Слуги Филиппа Кью всегда были хорошо одеты и накормлены. Они прекрасно понимали, что далеко не всем повезло так же, как им. К своему собственному вечному стыду, хозяин дома на Харбор-стрит когда-то сам принадлежал к низшей касте. И хотя вслух об этом, конечно же, никогда не упоминалось, он как никто другой понимал извечное проклятие нищеты.

Девушка молила Бога, чтобы сегодня он оказался в состоянии понять свою дочь. Сейчас это было ей крайне необходимо.

– Отец дома? – спросила Фиби.

– Конечно же, мисс… Он наверху, в кабинете, – промолвил дворецкий. – Сообщить ему о вашем прибытии?

– В этом нет необходимости, мистер Фаулерз. Я сама поднимусь.

Она прошла мимо молчаливых слуг, по пути вручив шляпку и перчатки горничной. Фиби чувствовала, что слуги явно изумлены ее сегодняшним видом: простеньким платьем и шалью и растрепанными волосами, которые она не потрудилась должным образом причесать.

– Спасибо, – пробормотала девушка. – Более никаких распоряжений не будет.

– Как вам будет угодно, – ответил чопорный Фаулерз, отвесив церемонный поклон и отступив на шаг назад.

Звякнув связкой ключей, дворецкий увел слуг прочь.

Оказавшись в обширном вестибюле, Фиби ощутила внезапный холод. Дом представлял собой бесконечный лабиринт салонов и сезонных гостиных, музыкального зала, бильярдной, столовой, танцевального зала и гостевых покоев, сосчитать которые она никогда себя не утруждала.
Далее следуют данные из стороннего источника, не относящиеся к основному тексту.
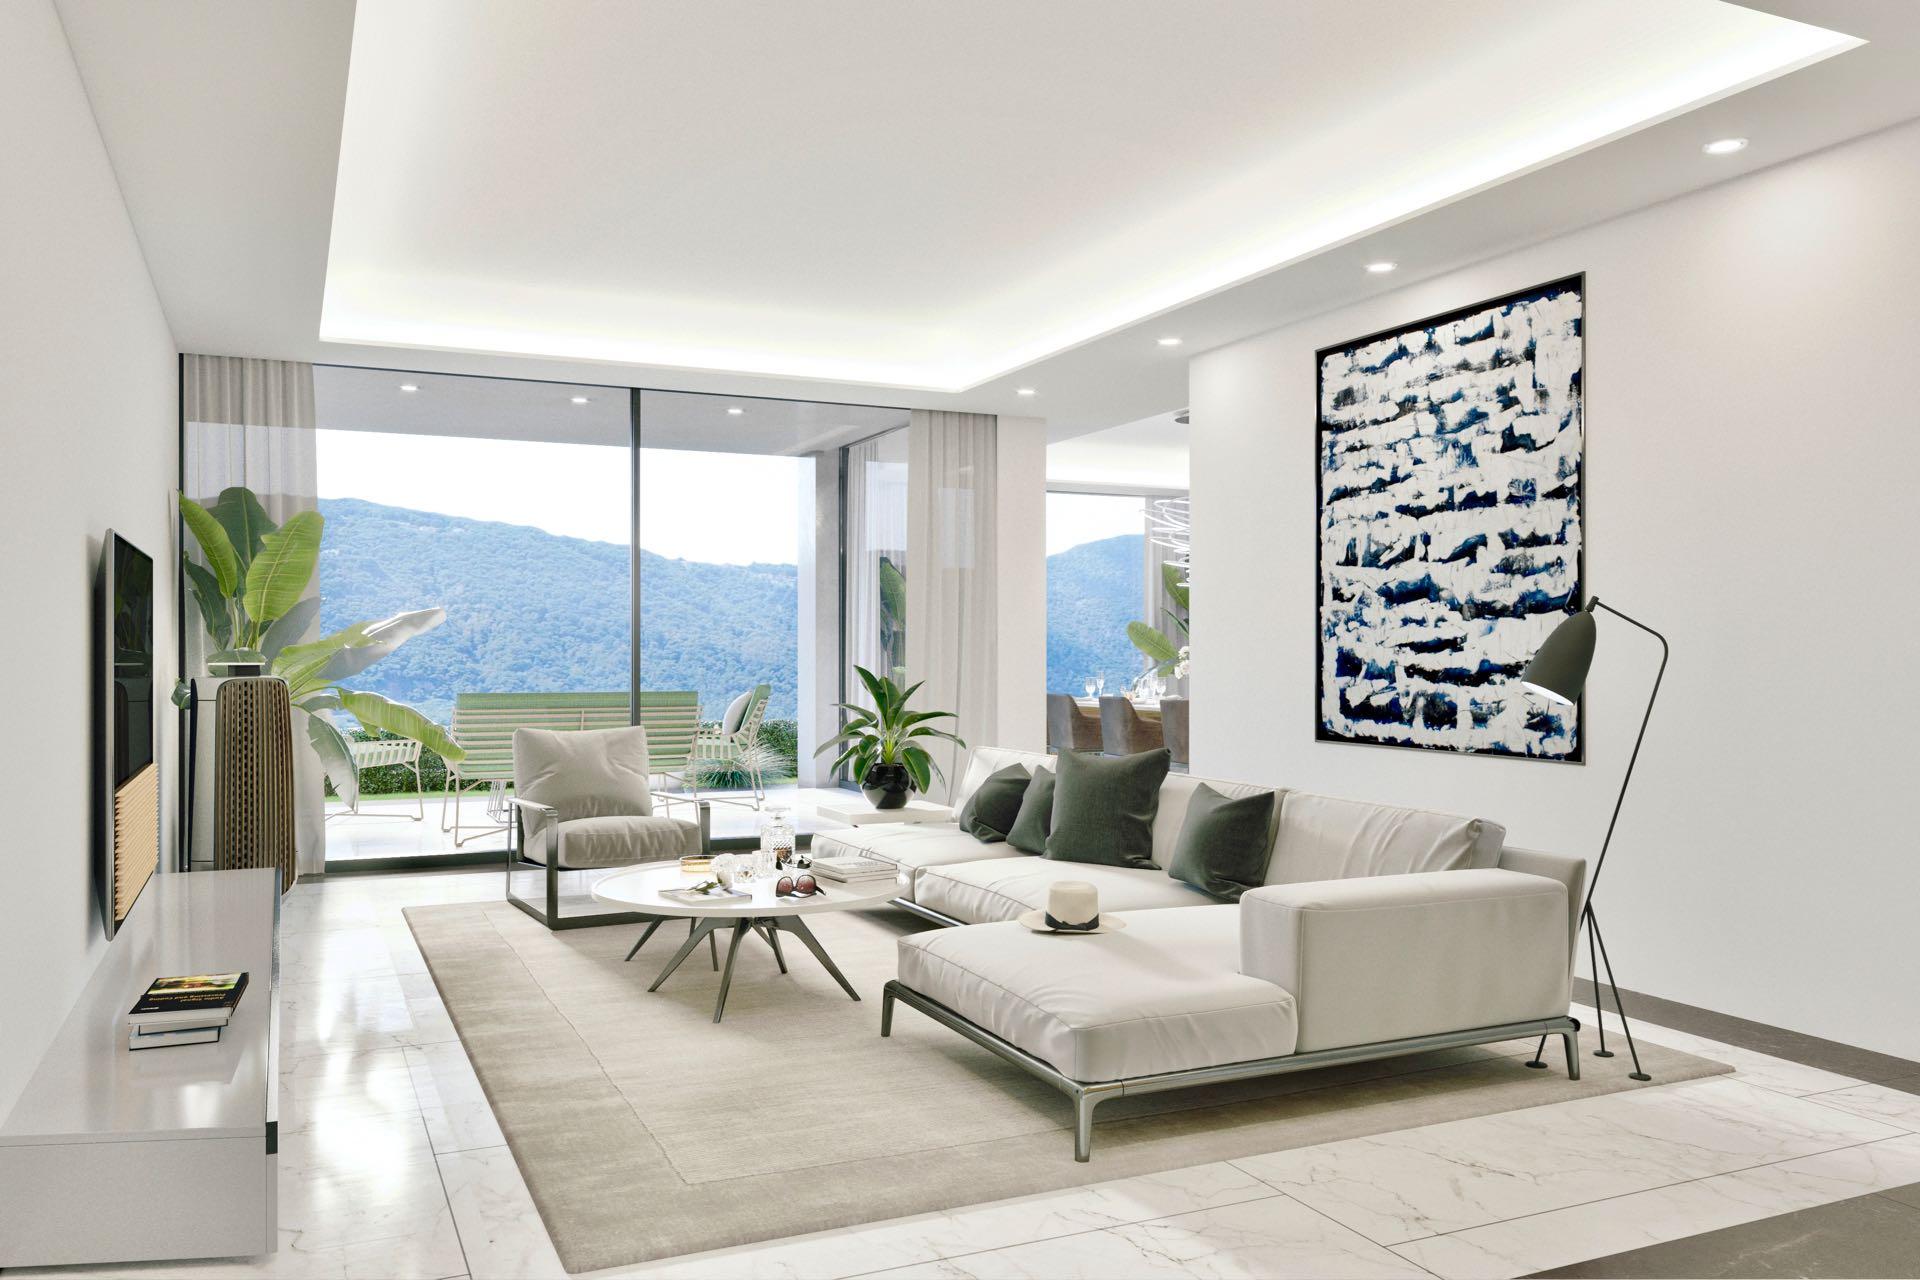 4,5 Zimmer Wohnungen mit Garten - Wohnfläche ca.: 126 m²Terrassenfläche: 17 m²Schlafzimmer: 2Ref. 88558-1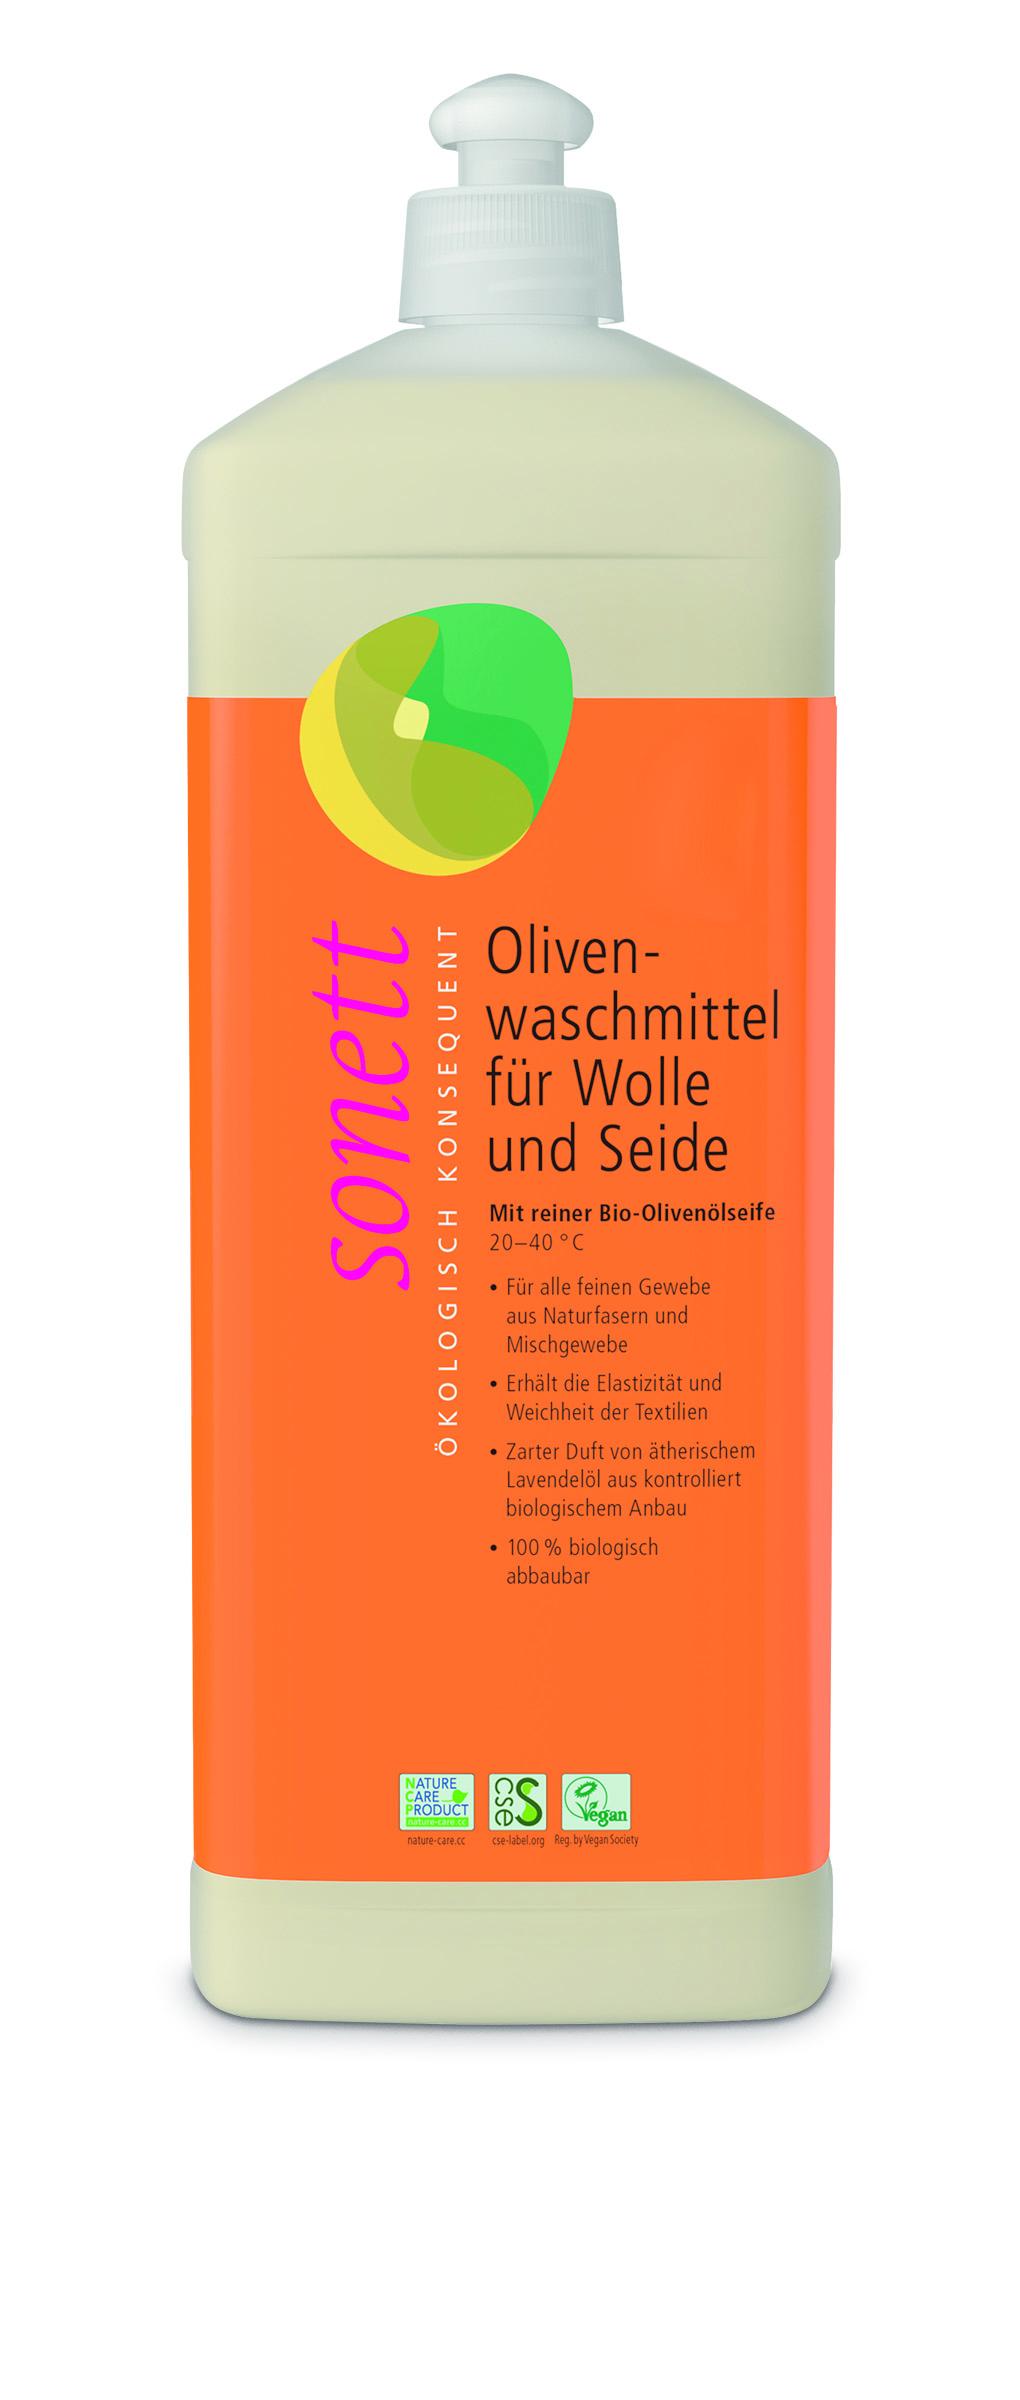 Жидкое средство для стирки изделий из шерсти и шелка Sonett концентрат органический 1 л фото

Дом являлся своего рода памятником купцу-принцу, и его главной целью было сообщить всем, что в мир явился некто иной, как Филипп Кью.

«О, Господи, – подумала Фиби, – и когда же это я стала такой циничной?»

Честно говоря, девушка прекрасно знала, когда именно это произошло, но предпочитала держать в тайне от всех.

Статуя Сатира, точная копия статуи Праксителя, приветствовала ее самодовольной улыбкой. Фиби показала гипсовому Сатиру язык, тотчас устыдившись своей глупой детской выходки.

Деревянные поручни лестницы были до блеска надраены воском. Рука ее скользила, и девушка вспомнила, как Саймон Кросби помогал ей выйти из экипажа. Тогда у нее возникало ощущение, что она опирается на перила лестницы, а не на человеческую руку. И теперь она должна стать женой этого человека.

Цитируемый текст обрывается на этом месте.